У меня всё хорошо, скоро я поеду на третье задание на передовую.

Я купил по карточке новый фотоаппарат – «Найкон» – и уже скормил его войне.

Здесь снова идут муссонные дожди.

В феврале убили Дэнни Сейлора.

Несколько раз получал взыскания, но не беспокойтесь – ничего серьёзного.

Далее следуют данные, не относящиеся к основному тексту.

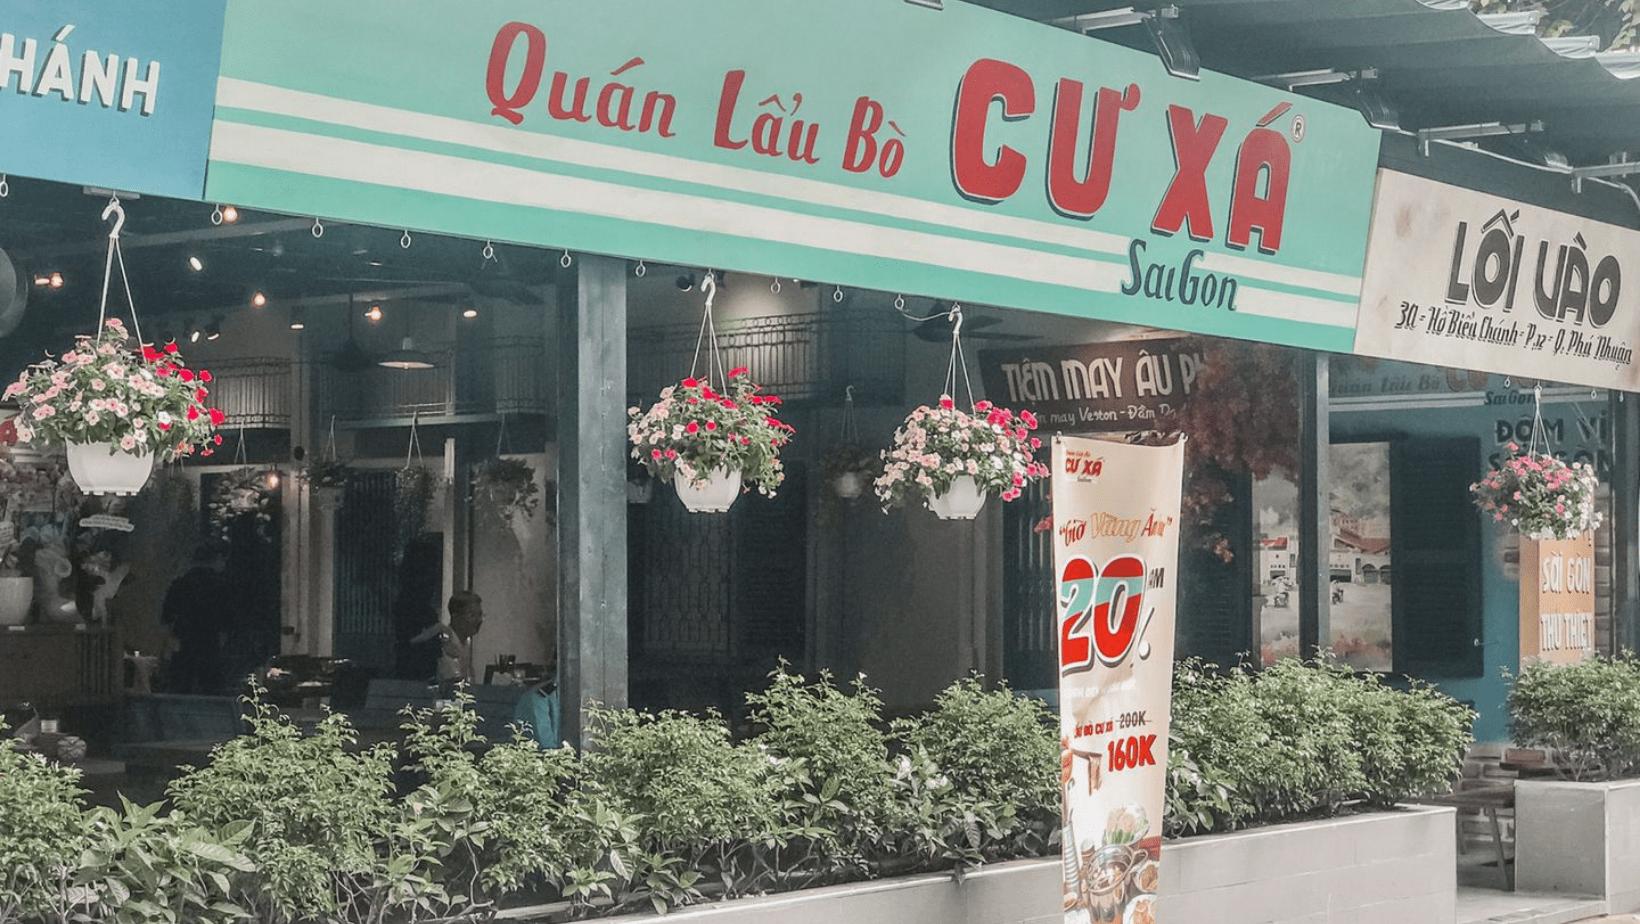 """Lẩu bò Cư Xá """"ngon từ thịt, ngọt từ xương"""" đậm chất retro ở Sài Gòn 7"""
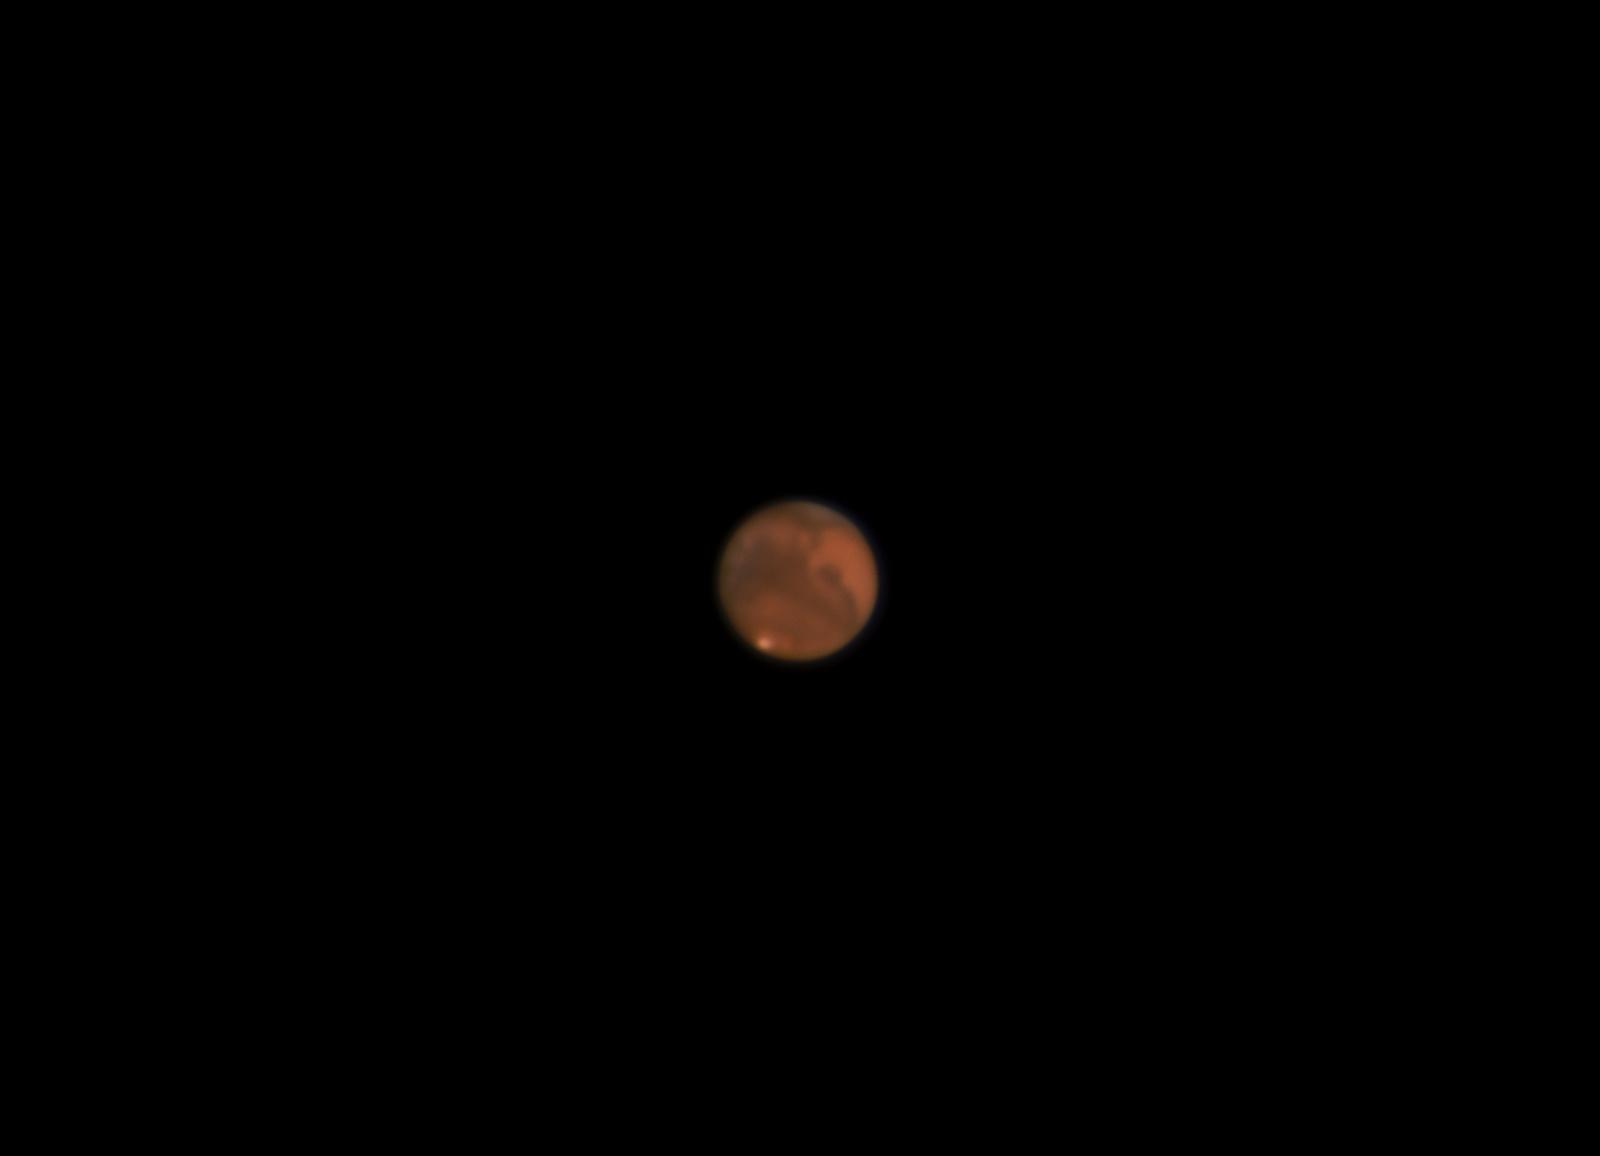 Mars_2020-10-24_1.jpg

Я переписываюсь с девушкой из Санта-Моники, она пишет, что когда-то танцевала в Нью-Йоркском балете. Но сломала лодыжку, поскользнувшись на льду у мамкиного дома, и это поставило крест на её карьере. Кость, думаю, так правильно и не срослась. Рост её около 160 см, вес – около 50 кг, а фигура как у песочных часов – 66-50-67. Я послал ей «ао дай», национальное вьетнамское платье, и пару шёлковых пижам, которые купил в Сайгоне. Она написала, что одежда пришлась ей впору. Её родители живут в Баррингтоне на Саммит-стрит, как раз напротив старого клуба бойскаутов. Её отец кассир, продаёт билеты на Чикагский и Северо-западный поезда, поэтому он может быть вам знаком. Его зовут Тони Федота.

Джордж Карлоффски, парень из нашей учебной роты, был недавно ранен в ноги осколками миномётной мины, но уже поправляется и скоро вернётся в свою 4-ую дивизию.

Рад, что вы ездили в отпуск на поезде в Сан-Франциско. Были на Рыбачьей верфи? А в ресторанах с полуголыми официантками? Жаль, папа, что ты потерял бумажник.

Я написал два очерка о засадах, в которые я недавно попал вместе с частями 1-ой пехотной дивизии. Оба были напечатаны с анонсами в «Арми Репортер» и в журнале «Лайф ин Вьетнэм» – по-моему, это единственное периодическое издание на английском зыке во Вьетнаме.

Мама, в прошлое воскресенье я попросил одну местную даму подобрать тебе коническую шляпу-кули. Всего за 200 пиастров. Скоро я тебе её вышлю. Когда получишь, посмотри сквозь неё на солнце : увидишь узоры на бамбуке.

Вчера летал в Фу Лой, собирал материал об одном артиллерийском расчёте. У меня всё в порядке, удача мне не изменяет, мой талисман меня хранит, так что не беспокойтесь. Через полгода буду дома…

С любовью,

Брэд (рядовой)


ГЛАВА 31. «ПЕЩЕРНЫЕ ЖИТЕЛИ ИЗ ПЛЕЙКУ».

"Во всех деревнях, в которые мы входили, у наших санитаров дел было по горло. Больные и угрюмые, люди выстраивались в очередь и стояли так в абсолютной тишине. Некоторые из них были просто грязные…

Но от грязи появляются вши, от вшей люди чешутся, от расчёсываний появляются незаживающие ранки. Хотя лечение простое. Мыло…"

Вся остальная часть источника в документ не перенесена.